* Data *
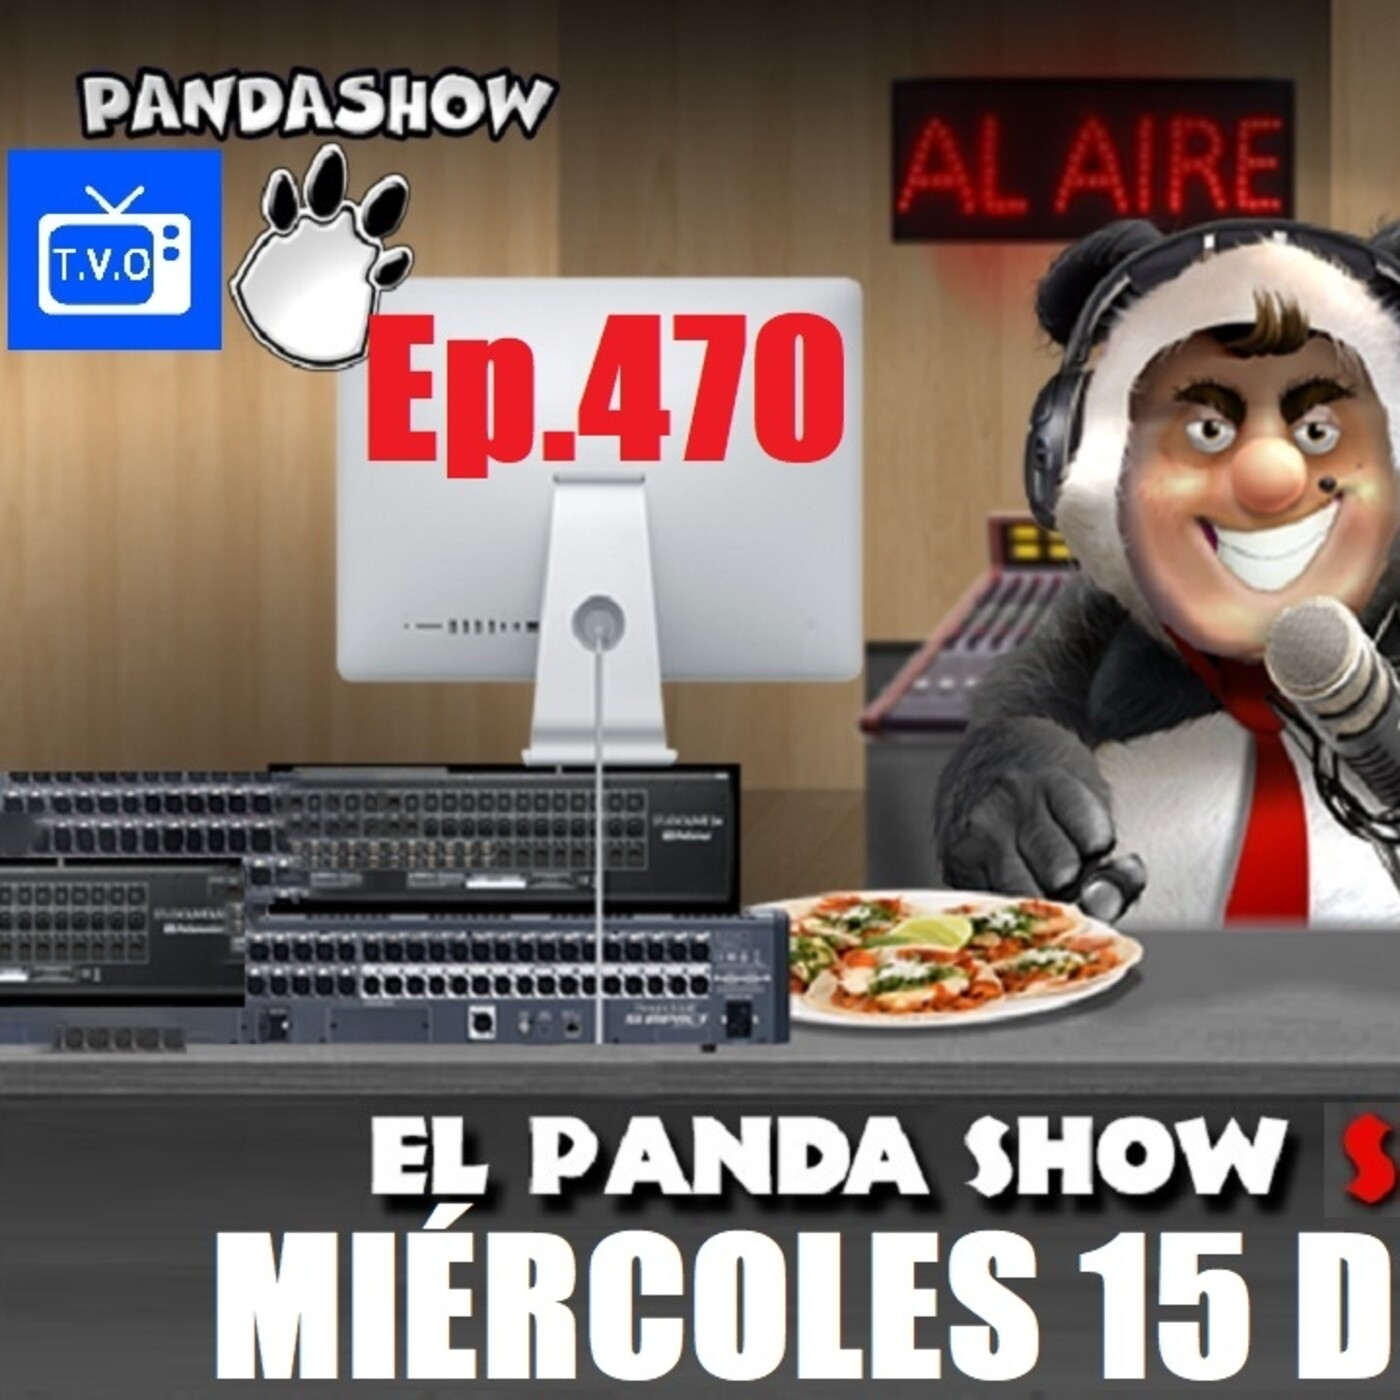 EL PANDA SHOW Ep. 470 MIÉRCOLES 15 DE JULIO 2020
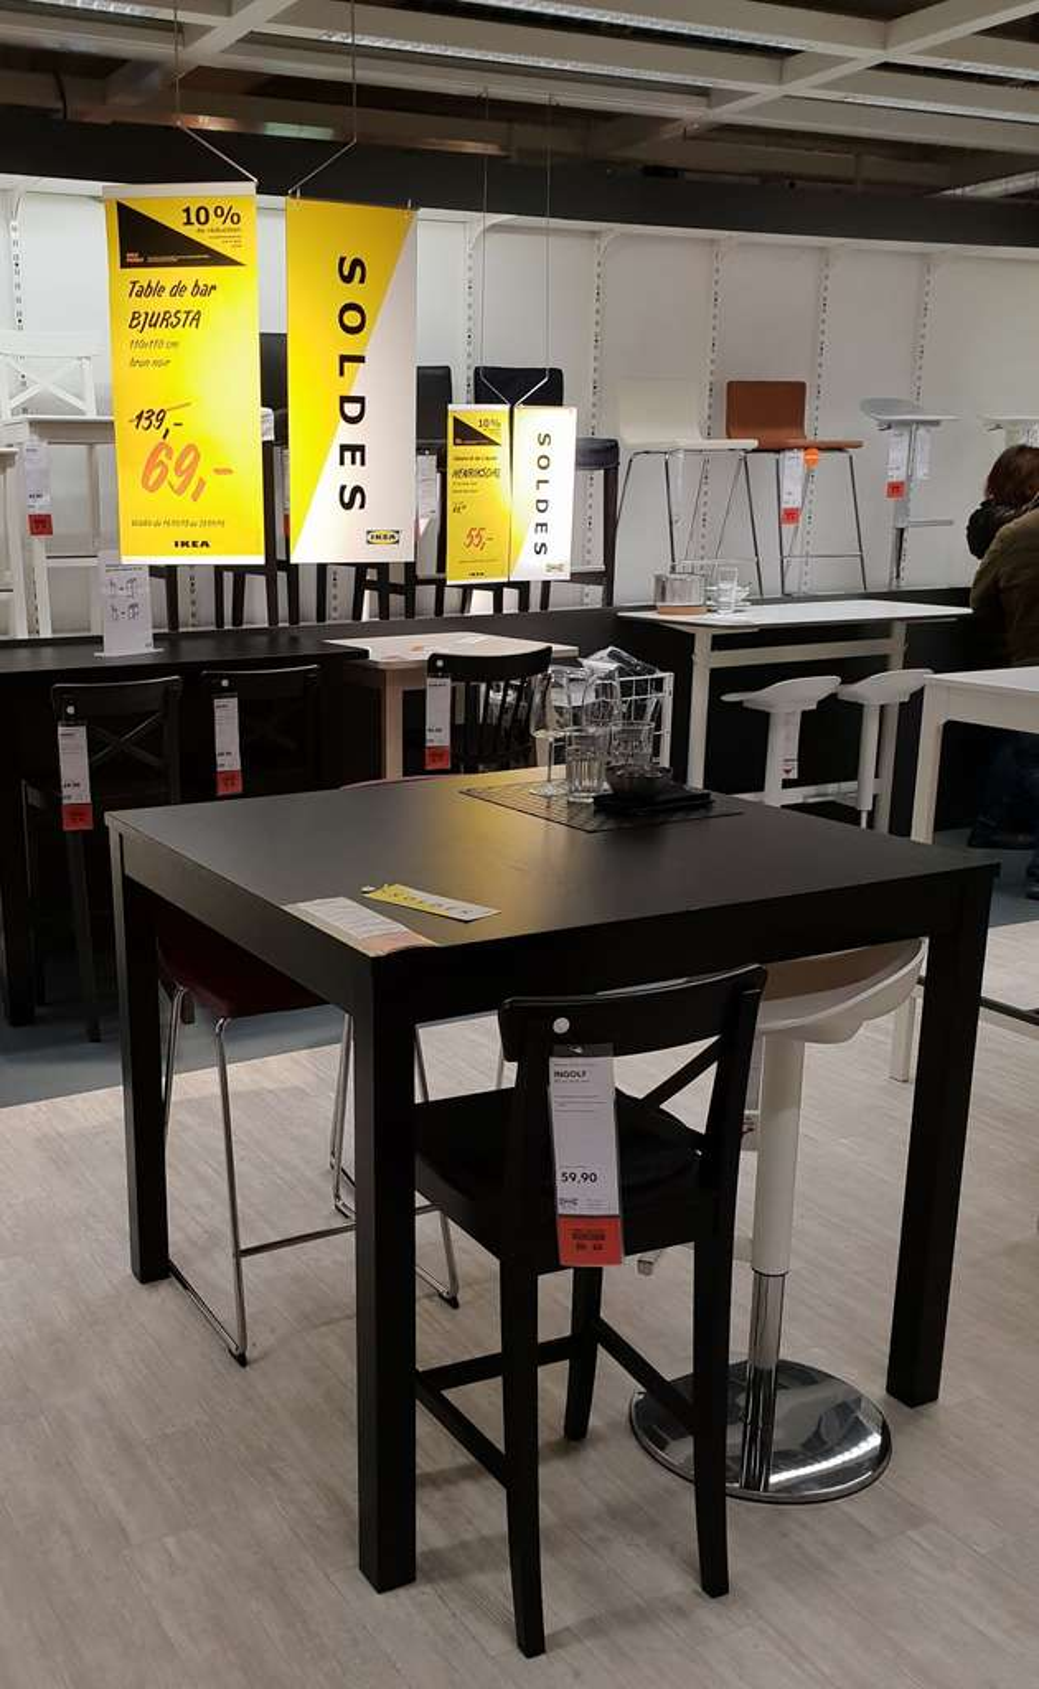 Table De Bar Bjursta Frontaliers Belgique Arlon Dealabs Com
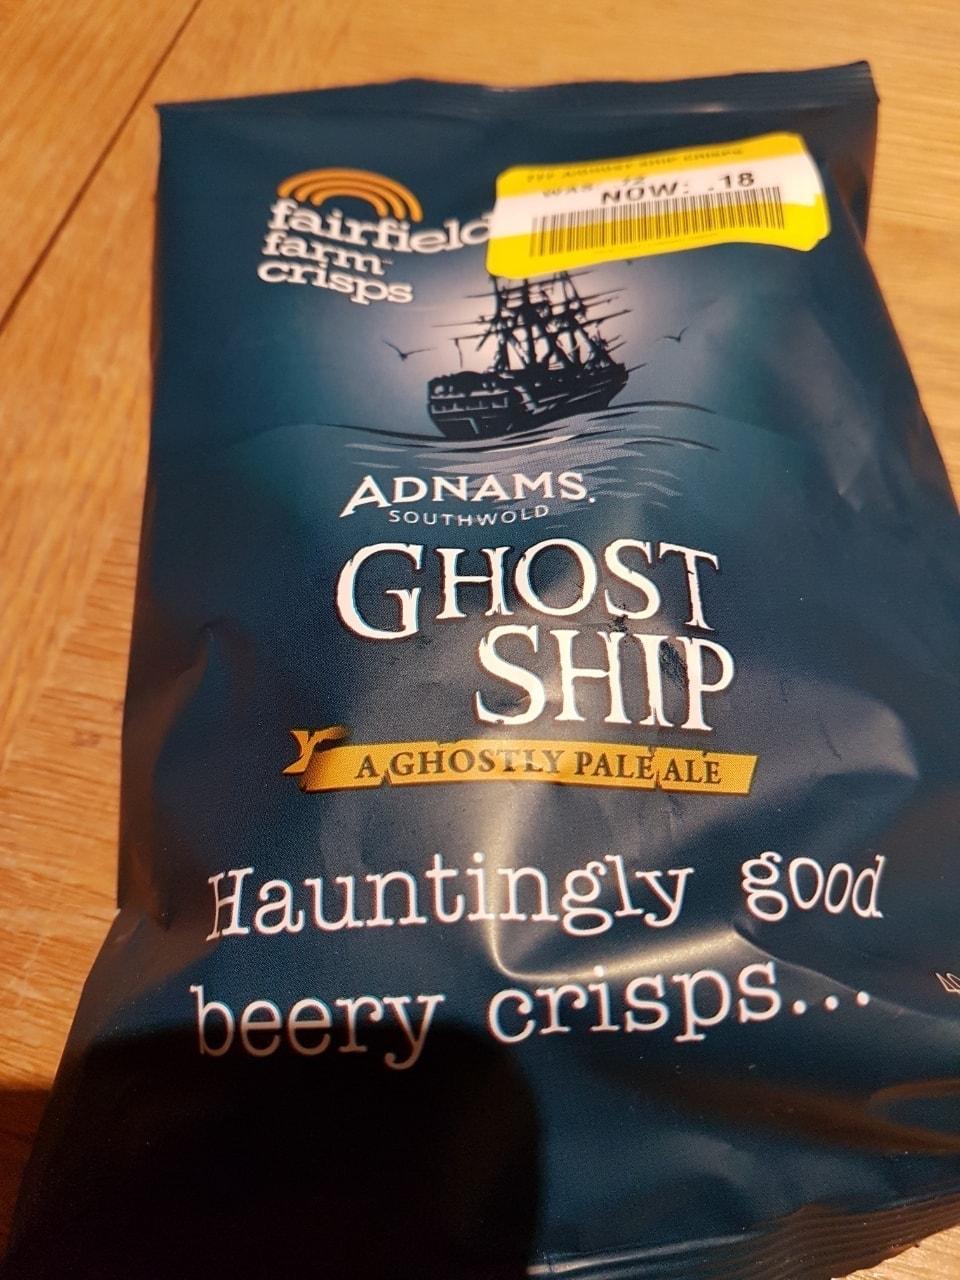 Adnams Ghost ship crisps

* Task item *
Word for word, give the listing above again, but drop any pictures.

* Exercise response *
 EL PANDA SHOW Ep. 470 MIÉRCOLES 15 DE JULIO 2020
 Table De Bar Bjursta Frontaliers Belgique Arlon Dealabs Com
 Adnams Ghost ship crisps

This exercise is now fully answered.